_Dataset excerpt:_
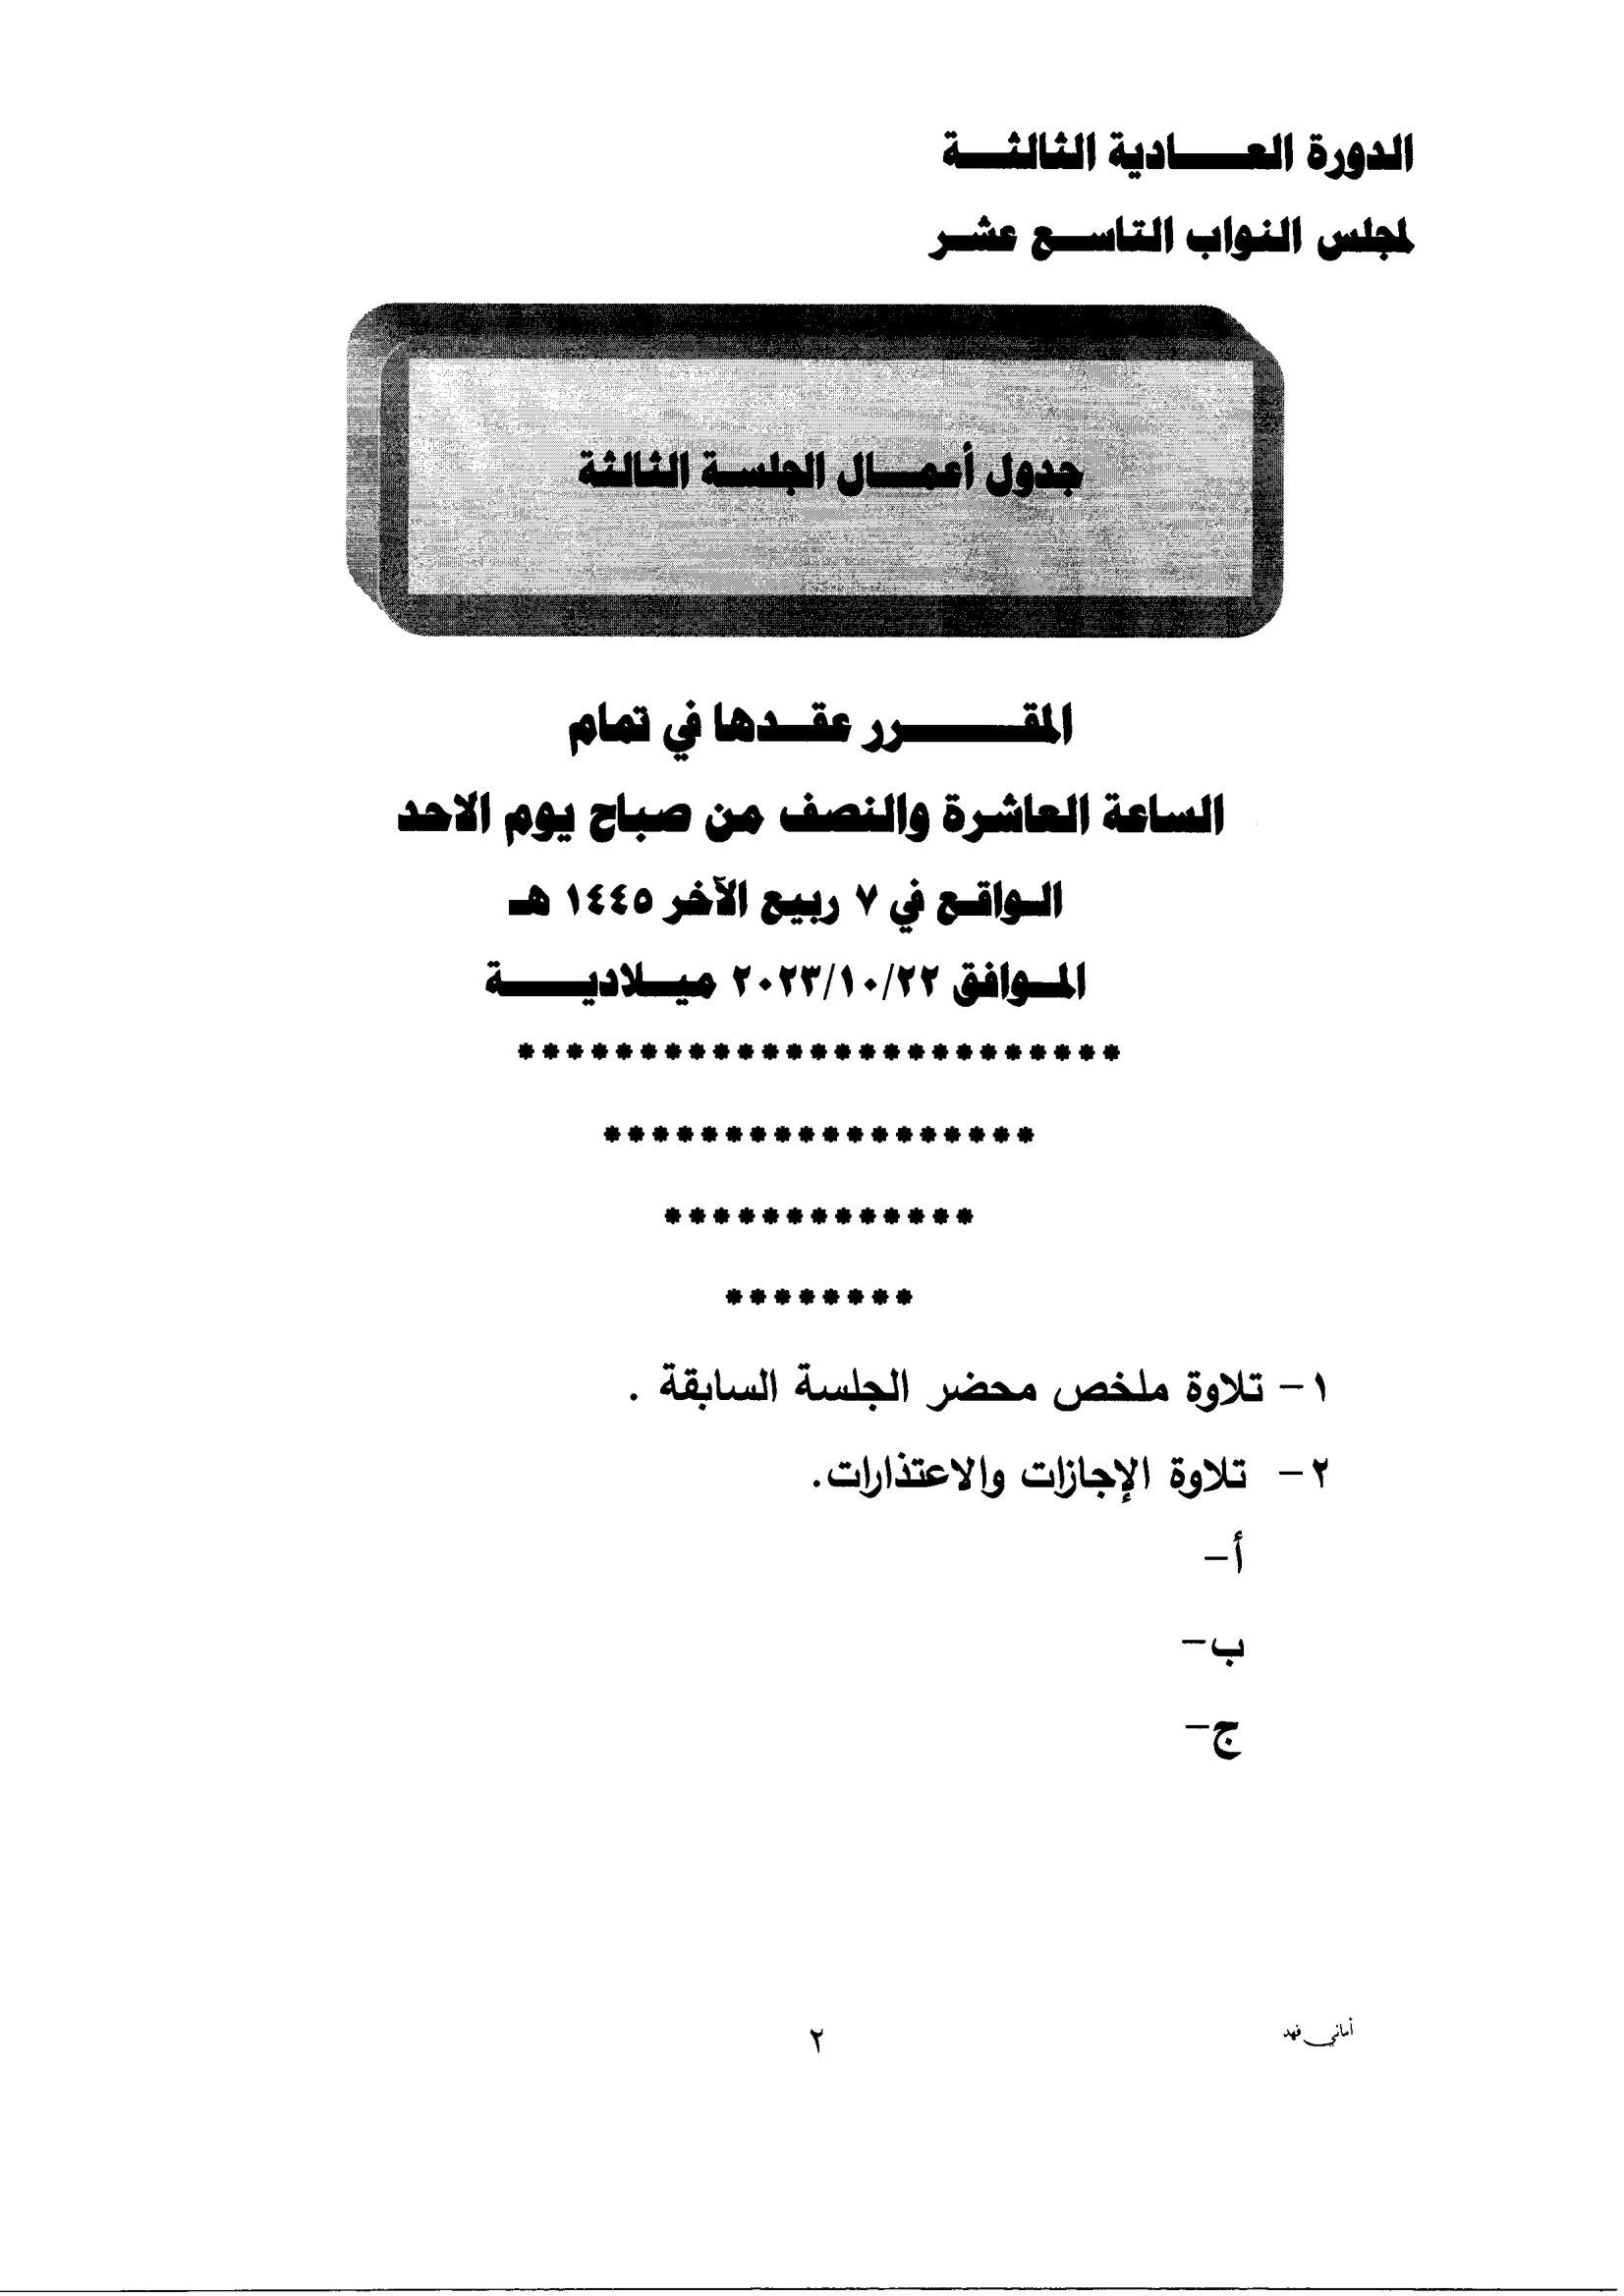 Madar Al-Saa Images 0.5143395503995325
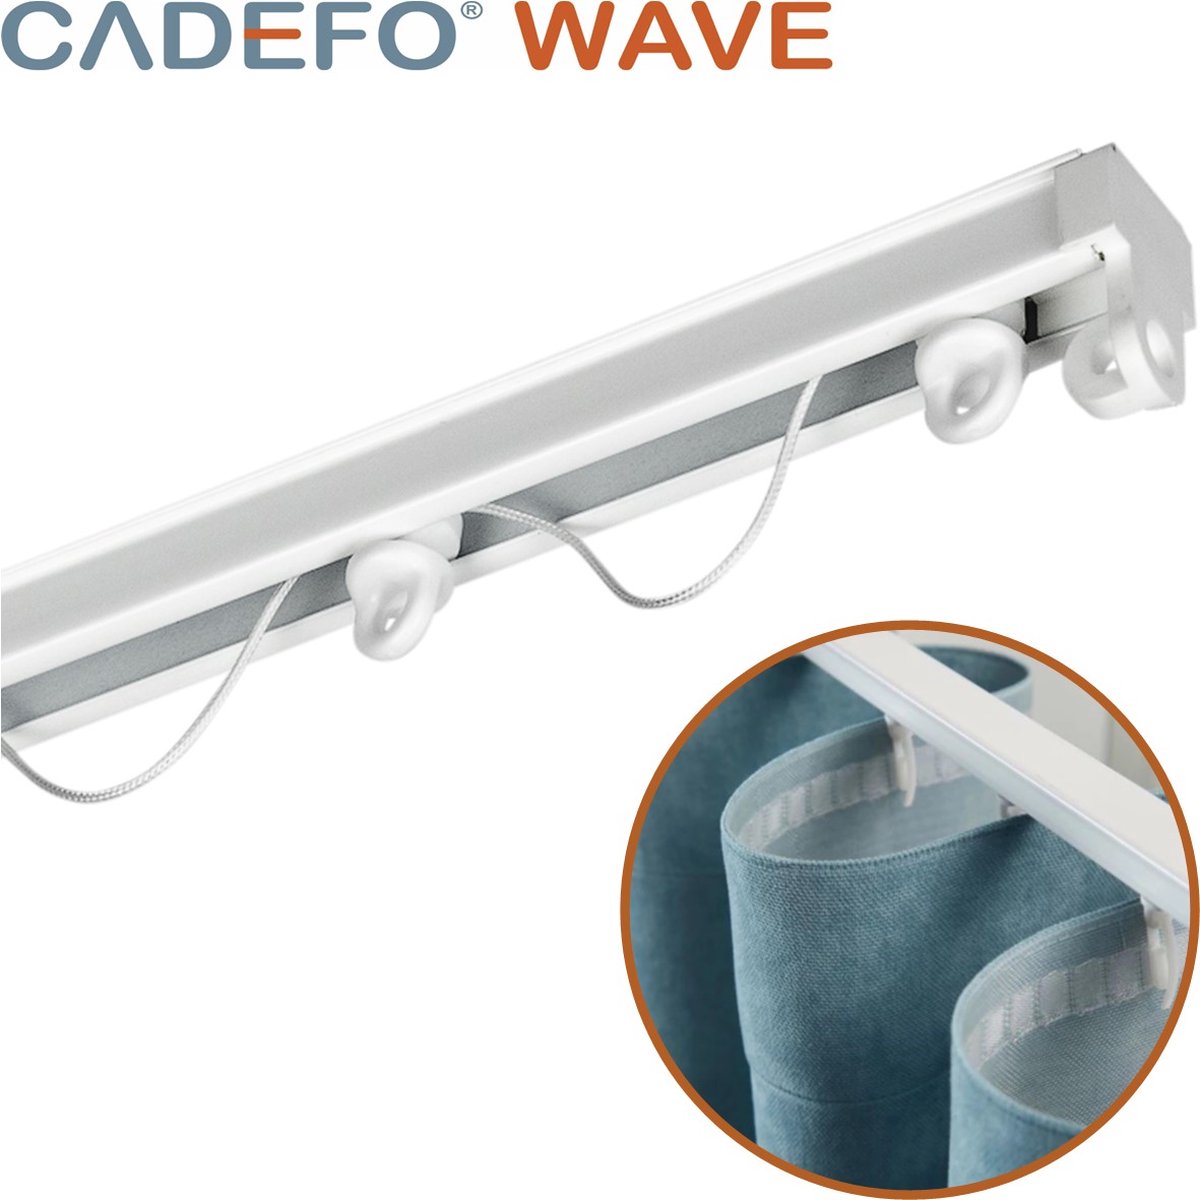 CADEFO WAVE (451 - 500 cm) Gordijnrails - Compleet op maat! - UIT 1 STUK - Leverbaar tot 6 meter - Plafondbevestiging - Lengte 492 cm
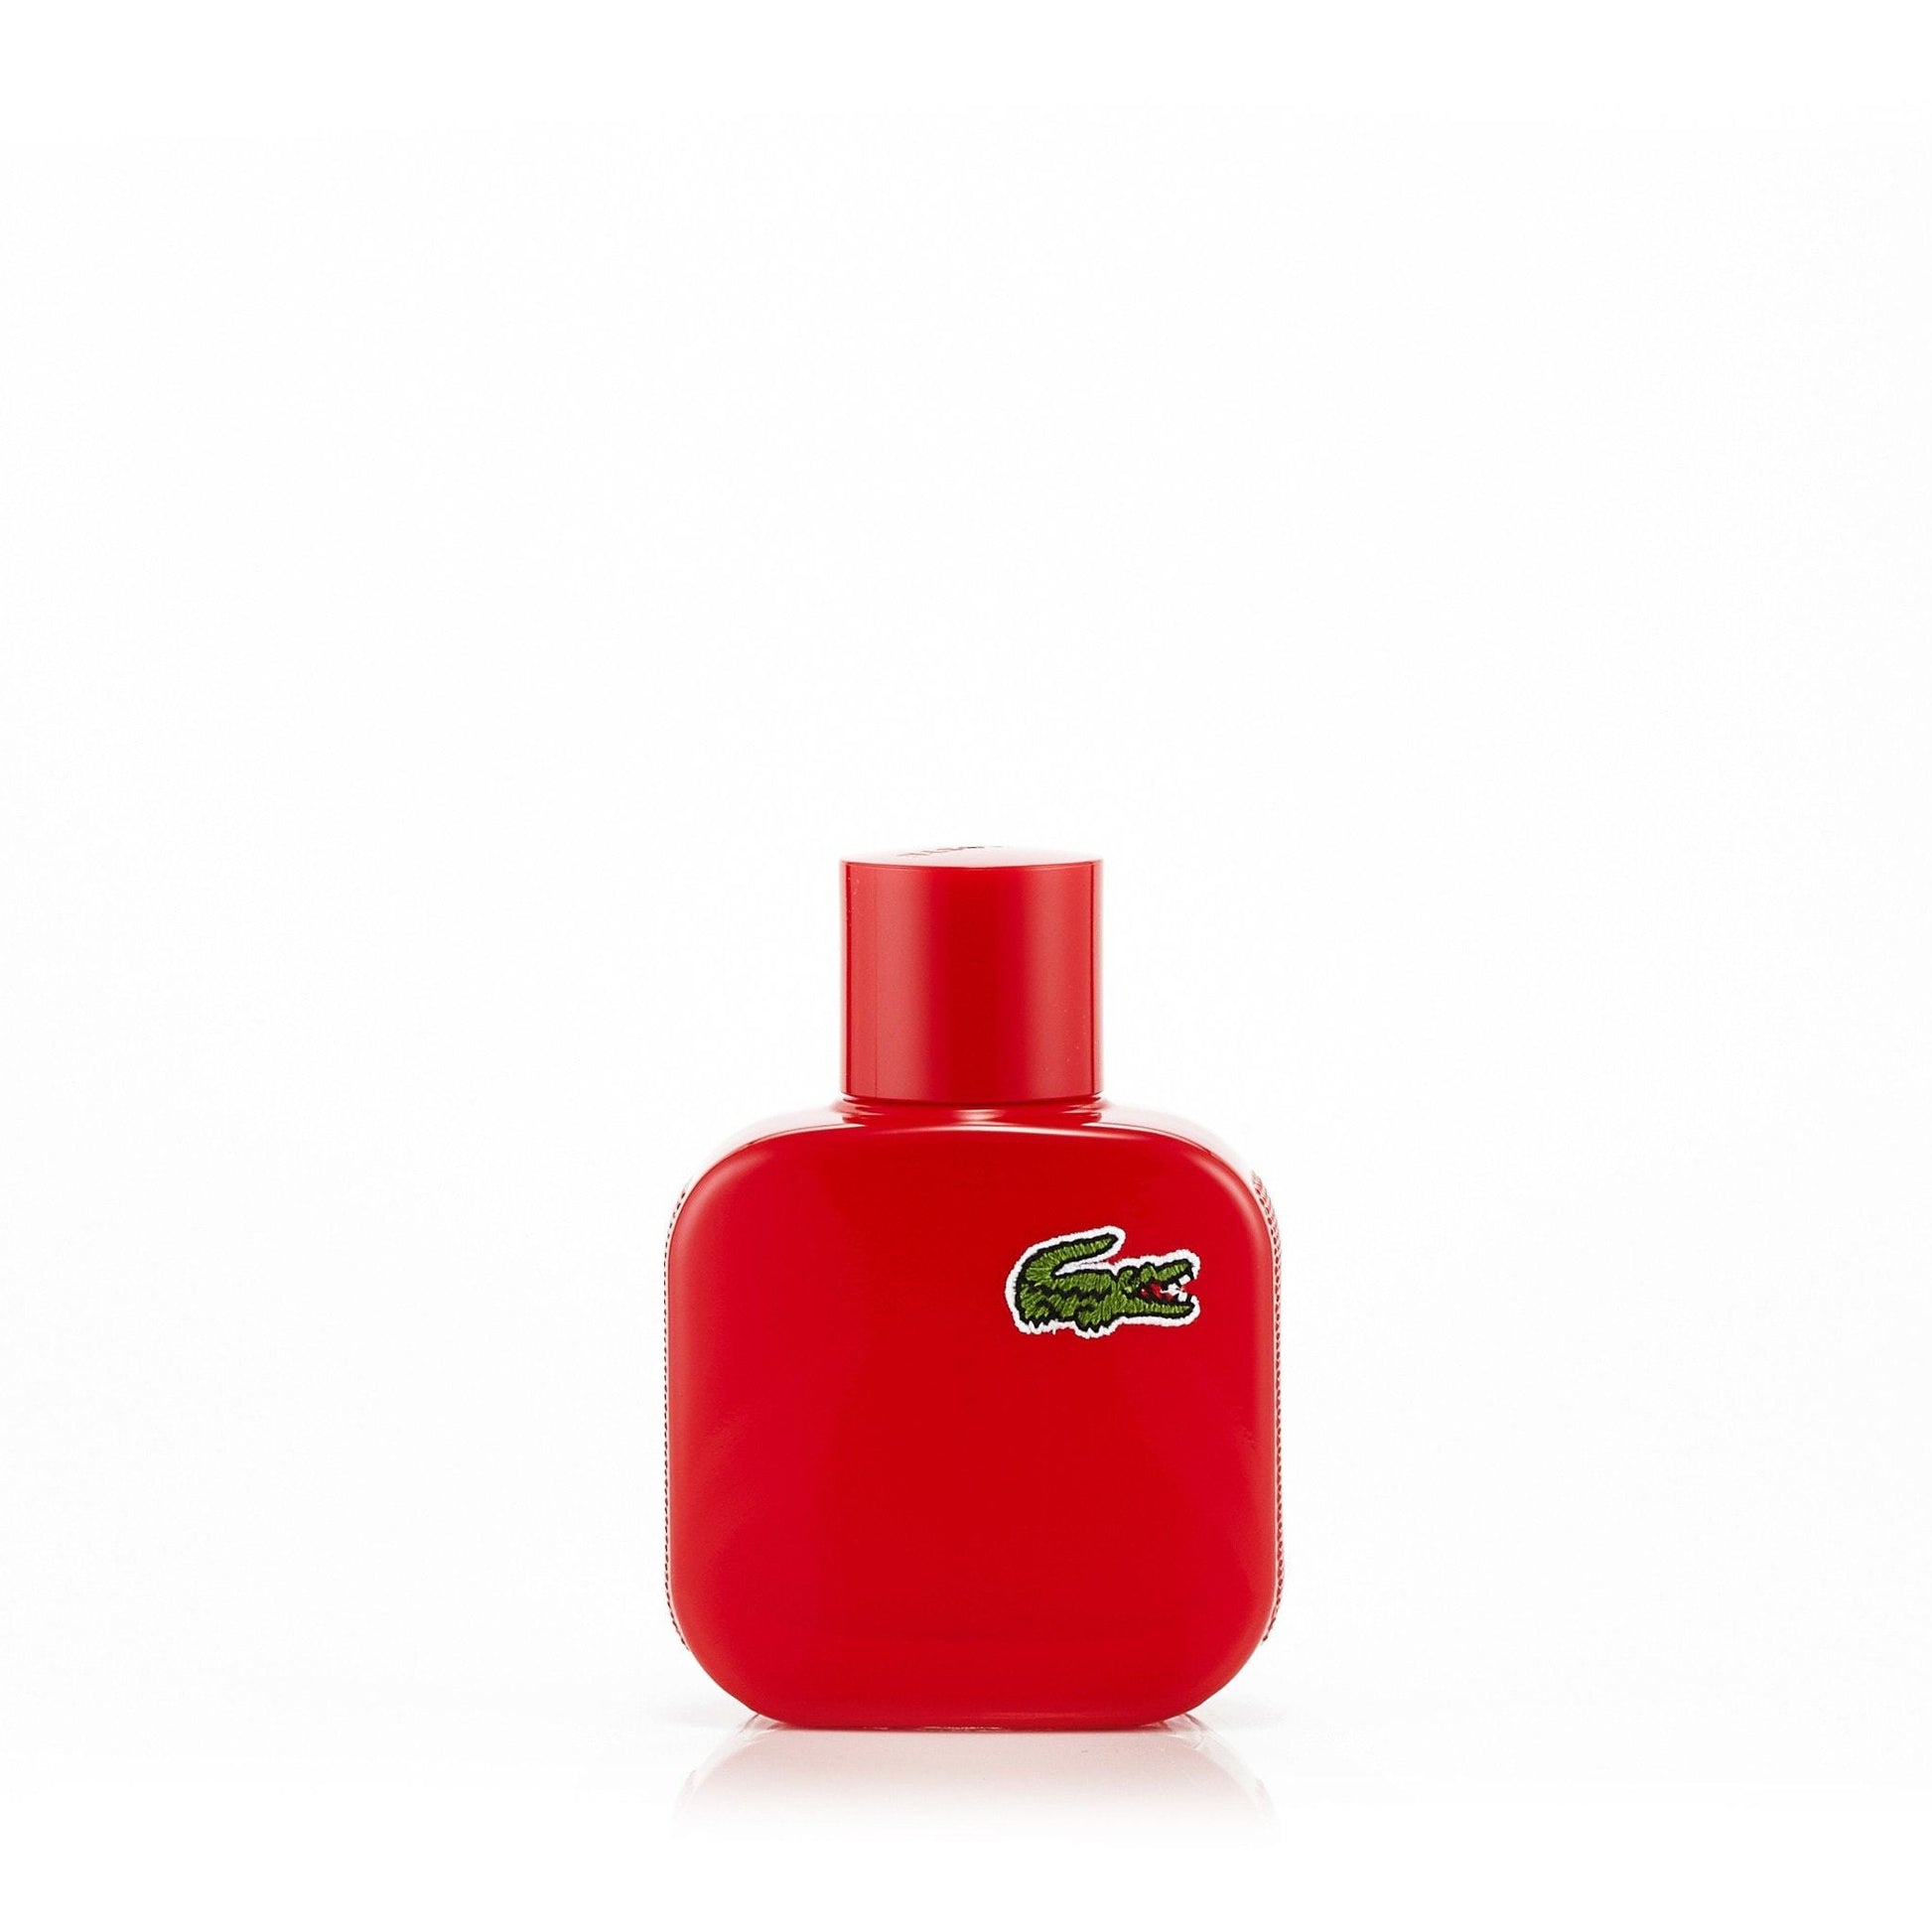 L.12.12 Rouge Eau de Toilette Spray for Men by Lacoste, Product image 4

_Exercise description:_
The job is to return the listing above exactly, minus its pictures.

_Task answer:_
 Madar Al-Saa Images 0.5143395503995325
 CADEFO WAVE (451 - 500 cm) Gordijnrails - Compleet op maat! - UIT 1 STUK - Leverbaar tot 6 meter - Plafondbevestiging - Lengte 492 cm
 L.12.12 Rouge Eau de Toilette Spray for Men by Lacoste, Product image 4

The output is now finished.